白伍耳朵微動,聽得馬蹄聲響,一騎快馬趕到,馬上騎士微微喘息,但還是急促的說道:“前方三十裡發現羌族大軍,至少有千騎騎兵,余下步兵數不勝數。”
“辛苦了,你先下去休息。”
白伍說道。
“看來要打一場遭遇戰了。”
陳熙說道。
“嗯,傳令全軍,佔據地勢較高的位置,排兵布陣,喝水休息,著甲準備迎敵!”
白伍說道。披甲之士也不是一天到晚都穿戴著鎧甲的,鎧甲輕則十多斤,重則二三十斤可不是鬧著玩,長時間穿戴不只是體力問題,士卒也會被悶刮蹭出皮膚病,一般行軍是不會著甲的,只有戰鬥的時候才會提前著甲。

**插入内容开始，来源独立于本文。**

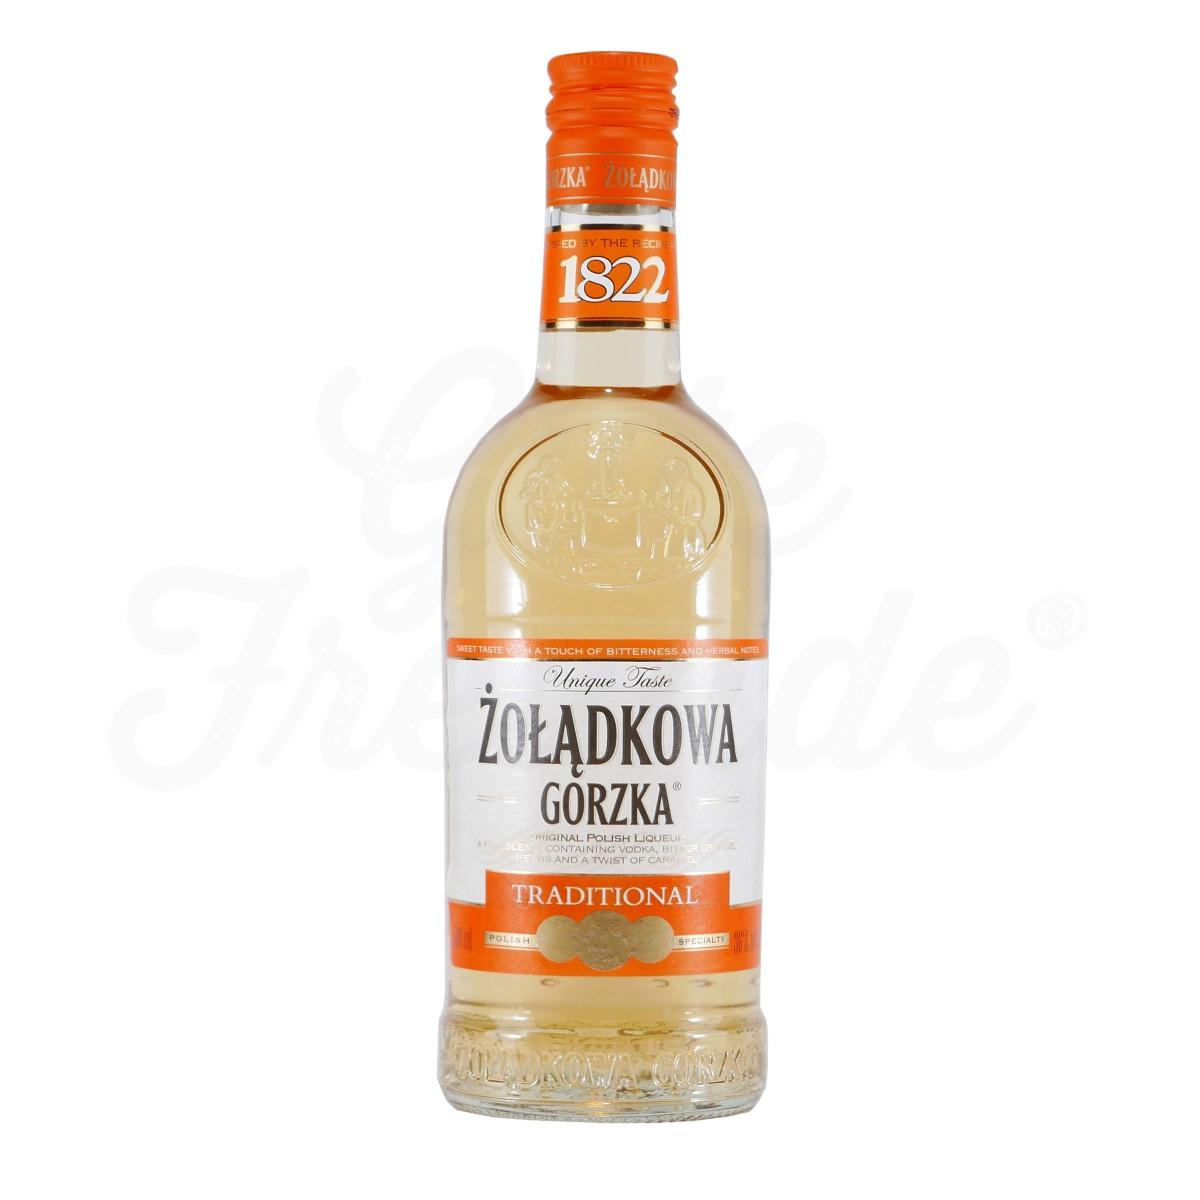 Zoladkowa Gorzka Wodka Traditional / Mint   0,5l 30-34% bei [Trink&Spare / lokal NRW] ab 23.12.

平時有牲畜拉著戰甲,一些古典戰役之中記載某某大軍行軍之中遇到伏擊,光速撲街就是因為來不及著甲。
這便要考驗斥候水平了,也就是現代口中的偵察兵,這個時代沒有軍事衛星,沒有無人機偵查,只能依靠人力偵查,因此不能做到百分百探查,一些比較能藏人的山林很難探清楚,便是非常好的埋伏地點,兵法上說逢林莫入就是這個意思。
白伍每日的訓練讓士卒產生了本能反應,很快便換上了甲胄,到了一處高地,工兵快速布置一些簡單的障礙物,用來降低騎兵衝鋒的速度。
刀盾兵以及輜重戰車在前,長槍兵在後,弓弩兵在最高點居高臨下準備打擊對手。
卻月陣,一種依托地形對抗騎兵的步兵陣法,標準的卻月陣是背水而戰,後方是河流,不必擔心後方的襲擊,只要防住一面即可,背後弓弩手負責收割。
不過如今沒有河流,也有較高的地勢,算是活用陣法。
這套陣法對組織度,士卒意志,軍器質量都有很高的要求。
士卒意志不夠,面對騎兵衝鋒之時,前方士卒會自亂陣腳,到時背水而戰的地形反而是要命的。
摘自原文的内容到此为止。